Шовкошитный задумался.
– Вы знаете, – сказал он наконец, – я вспомнил, что тогда обратил внимание на то, что говорила она с небольшой хрипотцой. Но я подумал, что это от болезни.
– Понятно... Значит, после того как Вера заходила к вам в кабинет, в следующий раз вы ее увидели, только когда она пришла увольняться?
Шовкошитный покачал головой:
– Нет. Я ее не видел в тот день.
– Как так? – удивился я.
– Я как раз отъезжал в этот момент. Буквально на час-полтора. За это время она успела уволиться и уйти. Я еще, помню, удивился, что она меня не дождалась. И, главное, потом не позвонила. Исчезла – и все.
– А вы ей тоже не звонили?
– Звонил. Но по телефону ни разу никто не ответил.
Он замолк и вытащил еще одну сигарету.
– Хорошо, но с кем-то она общалась в тот день.

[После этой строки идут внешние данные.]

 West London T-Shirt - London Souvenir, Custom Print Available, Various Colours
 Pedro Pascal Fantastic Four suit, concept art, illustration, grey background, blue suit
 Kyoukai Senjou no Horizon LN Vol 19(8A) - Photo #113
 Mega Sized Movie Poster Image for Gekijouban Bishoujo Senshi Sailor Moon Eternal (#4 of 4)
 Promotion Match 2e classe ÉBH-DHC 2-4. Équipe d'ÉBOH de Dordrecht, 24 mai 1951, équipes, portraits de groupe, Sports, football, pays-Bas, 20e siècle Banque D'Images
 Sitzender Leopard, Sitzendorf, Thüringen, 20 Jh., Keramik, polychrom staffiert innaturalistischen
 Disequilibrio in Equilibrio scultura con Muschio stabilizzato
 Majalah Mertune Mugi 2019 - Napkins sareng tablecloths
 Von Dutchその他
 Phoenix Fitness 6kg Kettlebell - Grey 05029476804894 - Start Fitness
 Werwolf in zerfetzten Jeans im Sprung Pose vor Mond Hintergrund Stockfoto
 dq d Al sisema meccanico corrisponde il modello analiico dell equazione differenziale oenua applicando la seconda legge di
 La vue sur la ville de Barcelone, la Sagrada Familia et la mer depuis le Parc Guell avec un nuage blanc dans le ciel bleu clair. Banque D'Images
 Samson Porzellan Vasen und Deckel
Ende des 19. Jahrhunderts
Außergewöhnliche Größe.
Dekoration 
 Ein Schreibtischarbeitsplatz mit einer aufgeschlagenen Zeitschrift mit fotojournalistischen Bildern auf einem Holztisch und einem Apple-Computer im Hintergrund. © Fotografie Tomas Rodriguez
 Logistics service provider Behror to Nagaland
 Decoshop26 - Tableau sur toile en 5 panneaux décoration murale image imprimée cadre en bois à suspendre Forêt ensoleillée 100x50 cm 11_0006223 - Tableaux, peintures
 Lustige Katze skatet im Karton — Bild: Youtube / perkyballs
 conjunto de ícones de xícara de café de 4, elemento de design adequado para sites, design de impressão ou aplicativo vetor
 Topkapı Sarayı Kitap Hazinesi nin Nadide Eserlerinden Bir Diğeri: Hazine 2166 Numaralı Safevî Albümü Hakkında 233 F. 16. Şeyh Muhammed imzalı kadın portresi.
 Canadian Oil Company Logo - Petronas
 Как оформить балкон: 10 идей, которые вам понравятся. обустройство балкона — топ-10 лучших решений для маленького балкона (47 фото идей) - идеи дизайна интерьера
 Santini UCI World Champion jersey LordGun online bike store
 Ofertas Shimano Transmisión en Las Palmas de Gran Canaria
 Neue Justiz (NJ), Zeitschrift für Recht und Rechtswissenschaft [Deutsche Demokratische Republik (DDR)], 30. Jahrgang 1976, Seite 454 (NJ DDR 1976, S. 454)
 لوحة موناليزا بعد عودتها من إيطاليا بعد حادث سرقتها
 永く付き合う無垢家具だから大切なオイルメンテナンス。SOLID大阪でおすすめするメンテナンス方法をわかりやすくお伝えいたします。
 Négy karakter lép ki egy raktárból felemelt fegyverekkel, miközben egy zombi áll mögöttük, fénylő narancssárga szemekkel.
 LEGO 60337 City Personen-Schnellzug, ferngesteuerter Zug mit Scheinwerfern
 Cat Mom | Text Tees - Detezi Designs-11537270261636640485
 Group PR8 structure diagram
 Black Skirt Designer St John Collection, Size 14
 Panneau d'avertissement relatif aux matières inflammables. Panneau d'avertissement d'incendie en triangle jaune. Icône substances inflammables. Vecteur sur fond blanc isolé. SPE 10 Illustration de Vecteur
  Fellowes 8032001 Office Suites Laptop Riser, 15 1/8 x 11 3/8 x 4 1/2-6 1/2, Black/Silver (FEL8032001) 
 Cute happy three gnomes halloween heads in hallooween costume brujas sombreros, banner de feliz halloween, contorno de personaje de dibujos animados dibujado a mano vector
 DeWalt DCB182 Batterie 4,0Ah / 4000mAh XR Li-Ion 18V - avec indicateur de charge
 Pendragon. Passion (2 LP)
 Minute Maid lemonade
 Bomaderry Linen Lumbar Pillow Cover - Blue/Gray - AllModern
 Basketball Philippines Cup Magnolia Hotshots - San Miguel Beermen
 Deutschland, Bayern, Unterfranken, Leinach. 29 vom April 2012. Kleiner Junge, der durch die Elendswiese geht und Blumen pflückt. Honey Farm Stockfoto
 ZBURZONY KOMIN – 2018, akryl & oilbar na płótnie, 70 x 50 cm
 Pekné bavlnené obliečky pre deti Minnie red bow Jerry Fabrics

– Ну, конечно. С секретарем нашего отдела кадров. Но она у нас новенькая, пришла сюда уже после ухода Веры.
– А вас не насторожило, что Вера не подходит к телефону?
Он отрицательно покачал головой:
– Она говорила, что собирается ехать на родину, куда-то, кажется, на Северный Кавказ. Поэтому я не придал большого значения тому, что ее нет дома. Скажите, а Вера действительно в тюрьме?
Вместо ответа я вытащил из портфеля фотографию.
– Вы узнаете эту женщину?
Шовкошитный посмотрел на карточку.
– Да, это Вера...
Вдруг он запнулся, будто ему в голову внезапно пришла какая-то мысль:
– Погодите-погодите. Дайте фотографию.
Он покрутил фотографию в руках.
– Это Вера, но.. какая-то не такая, – наконец заключил он.
– Что значит «не такая»? – насторожился я.
– Не могу сказать с полной уверенностью. Что-то в лице изменилось.
– Но вы уверены, что это действительно Вера?
Он кивнул:
– Да. Абсолютно уверен. Видите, вот тут маленькая родинка у подбородка. Это Верина родинка. Ну и взгляд, и вообще. Я ее знаю много лет и уверен, что это она. Но все-таки какая-то не такая. Может, это после болезни?
Я вышел от Шовкошитного уже под вечер. Конечно, пришлось сдержать слово – рассказать ему почти все подробности дела моей подзащитной. Опасаться разглашения тайны следствия или какой-либо другой тайны не приходилось: известно мне было очень мало. Почти ничего.